Normalement iTaf ma demander d'installer un package je sais plus trop quoi pour permettre au Mac de se rallumer tout seul sauf que la .. bah rien ne ce passe...

_Pourquoi ?_

J'ai fais comme certain : préférence > économiseur d'énergie > et programme 5min avant le lancement du réveil
Seulement la aussi ... une fois le mac allumé (car la oui il s'allume) iTaf ne ce lance pas...
Je precise que j'ai mis un mot de passe a l'allumage ... 

_ça viendrai de la ? du fait que j'entre pas directement dans ma session ?_
(j'aimerai pourtant gardé le mot de passe a l'entré ça m'embêterai de devoir l'enlever :s)

Je rajoute aussi que je ne veux pas utilisé iCal (déjà parce que je l'ai desinstallé) mais aussi parce que j'aimerai faire marché iTaf qui d'après tout les sites, est complet et très pratique... seulement la iTaf il sert plutôt a raté son taf ... (oui c'était petit lol)

J'ai entendu dire aussi que le problème de l'allumage auto pourrai venir d'onyX avec le package que iTaf demande d'installé mais onyX j'y comprend pas grand chose ... :s

Merci d'avance
En espérant de l'aide

A bientôt 


OnyX n'a rien à voir là dedans, il n'est pour l'essentiel qu'une interface graphique pour des fonctions de Mac OS qui ne sont normalement accessibles que par des lignes de commande dans le terminal, il n'installe aucun autre fichier dans le système que son fichier de préférences, et il est la seule et unique application à faire appel à ce fichier.

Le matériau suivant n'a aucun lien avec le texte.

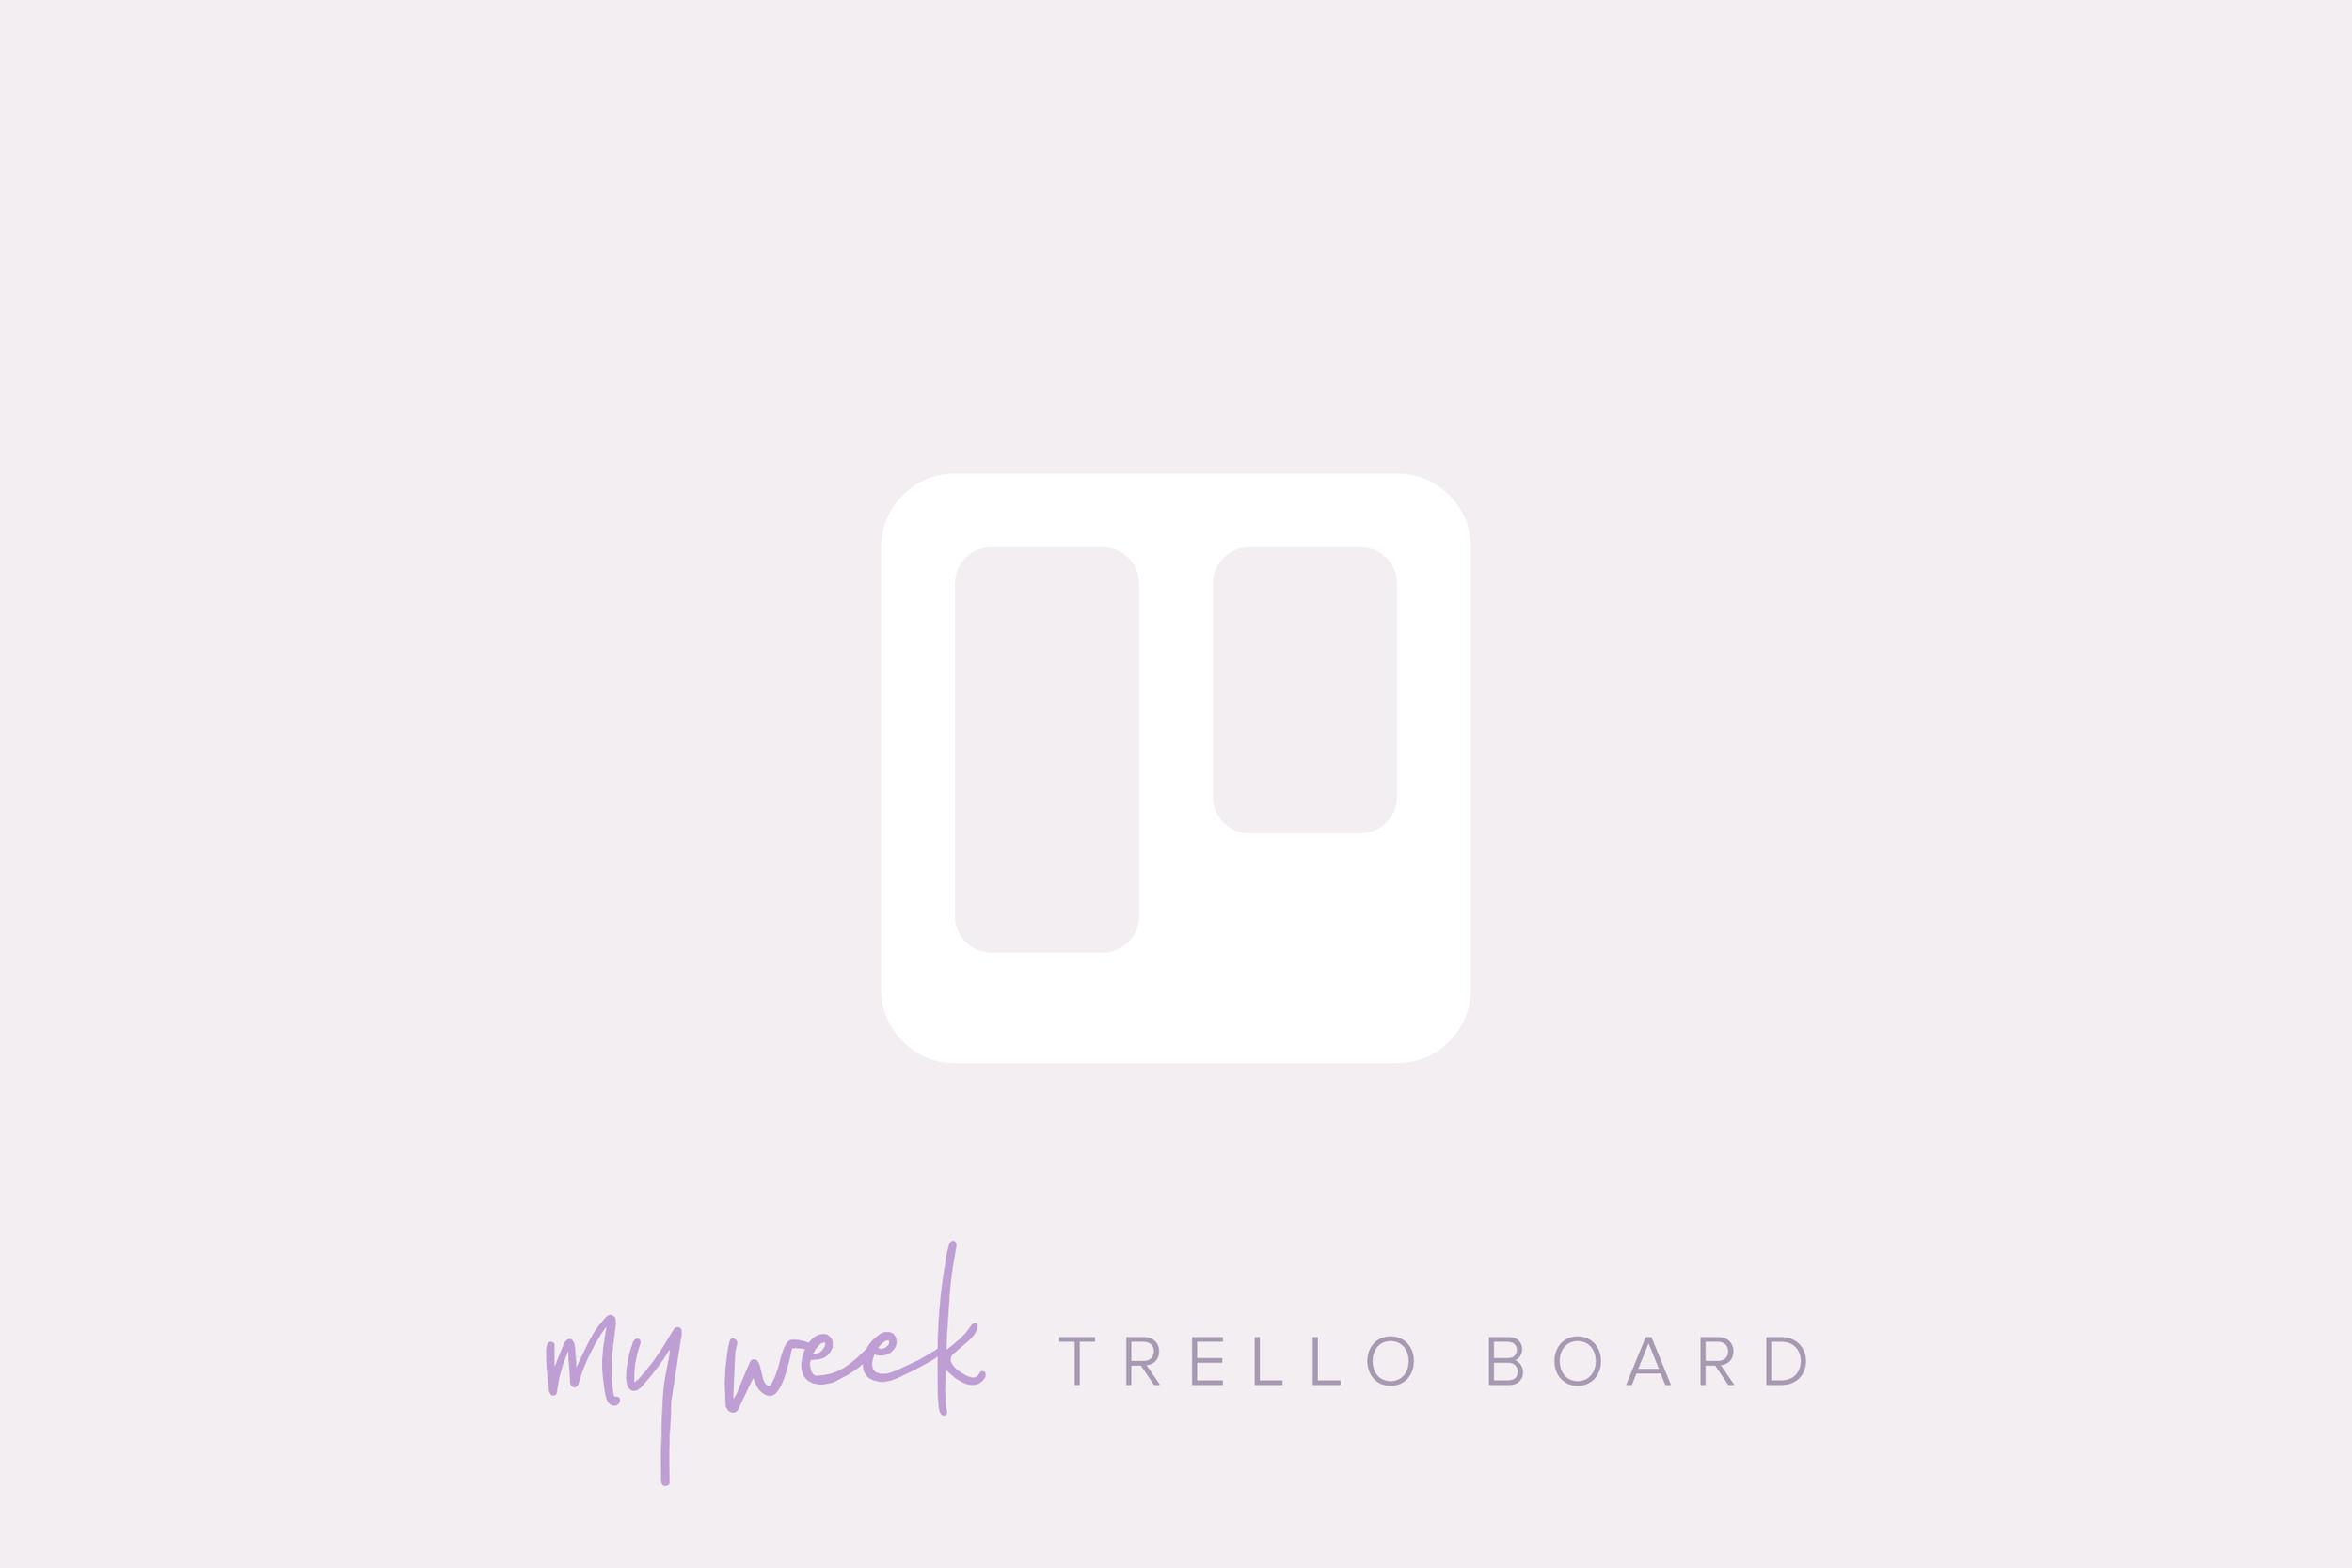 My Week Trello Board | Freebie | Aiane Karla | Productivity

Cela dit, l'objet de iTaf étant de modifier la finalité de certaines fonctions système, on n'en parle pas dans "Applications", mais dans "Customisation". On déménage.


----------



## pascalformac (24 Avril 2010)

bonjour
je vois plusieurs choses qui ne vont pas

déjà l'esprit
DÉsinstaller des applis Apple du DVD c'est pas malin malin
pour une raison
le maillage entre applis et fonctions Apple est complexe
la solution : ne pas chercher à desinstaller et tout simplement laisser l'install tranquille
(et ne pas ouvrir l'appli)

ensuite itaf n'est ni plus ni moins qu'un reveil
comme il y en a plein
mais il ne rentrera pas des logs de session
( et heureusement)

solution
ne pas programmer demarrage reveil sur log


----------



## wath68 (24 Avril 2010)

Trouvé sur le site ... d'iTaf :


> Do not install/use start up item module on Snow Leopard this causes a power management issue here is the steps to solve it if you've installed the module.

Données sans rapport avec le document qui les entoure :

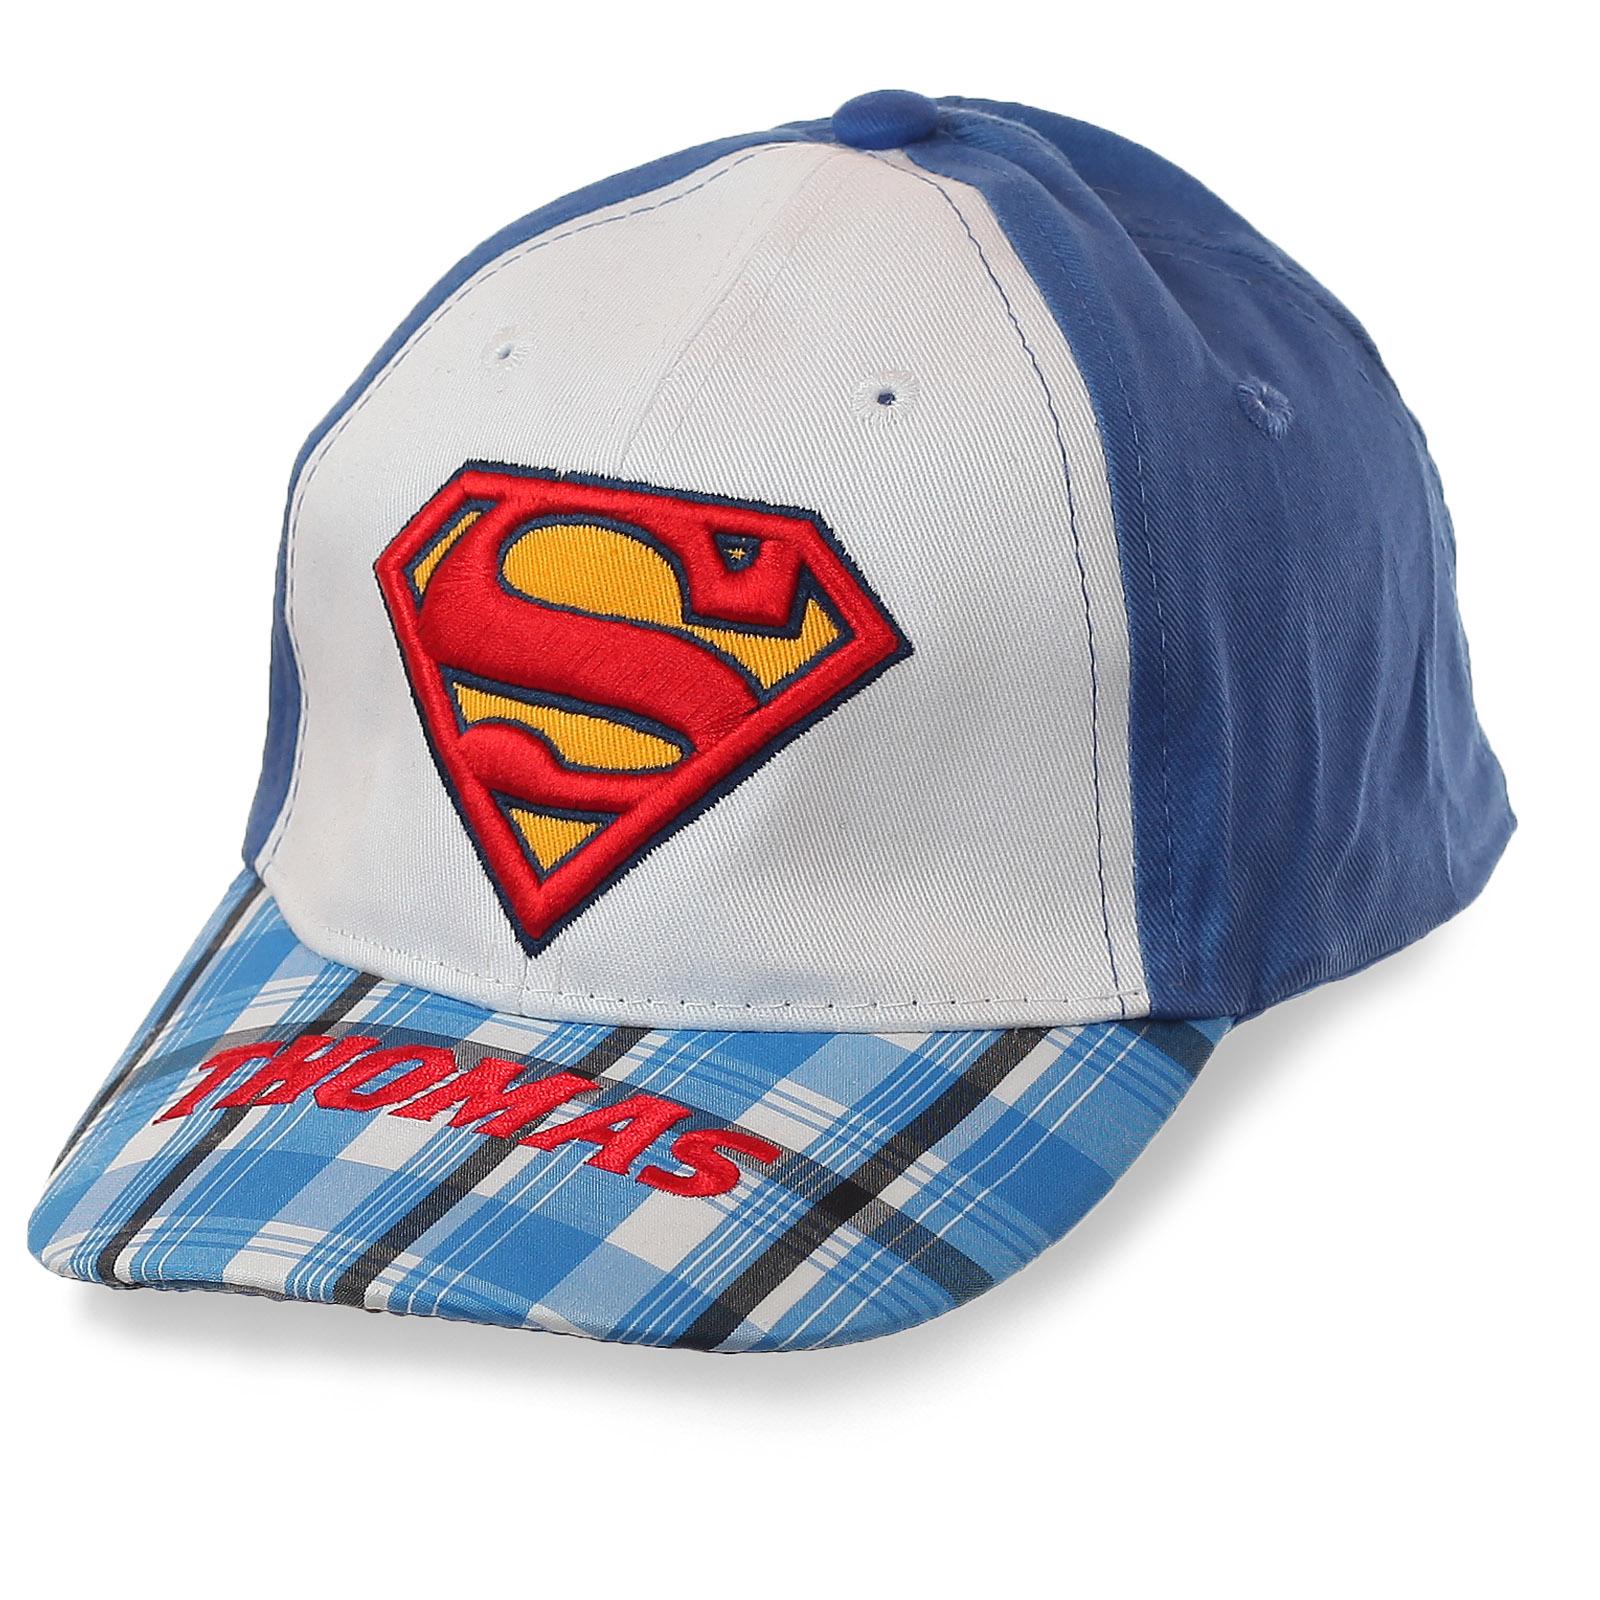 Детская бейсболка от ТМ THOMAS с логотипом кумира всех мальчишек – Супермена. Только для избранных!

http://itaf.sourceforge.net/

Et le mot de la fin ...


> ... Do not use iTaf on Snow Leopard



Essaye Alarm Clock, qui, je crois, marche mieux avec SL.


----------



## pascalformac (24 Avril 2010)

Ah ouais là c'est radical
j'ai un vieil itaf 
( qui marche à peu près, sur un OS ancien, , j'ai jamais verifié le critère " non compatible SL")

c'est un truc assez classique le coup de non compatible


----------



## C r A zZz Y (25 Avril 2010)

a Merde ok lol
Pourtant il marche bien (si le mac est allumé)

Je vais testé alarm clock

Merci


----------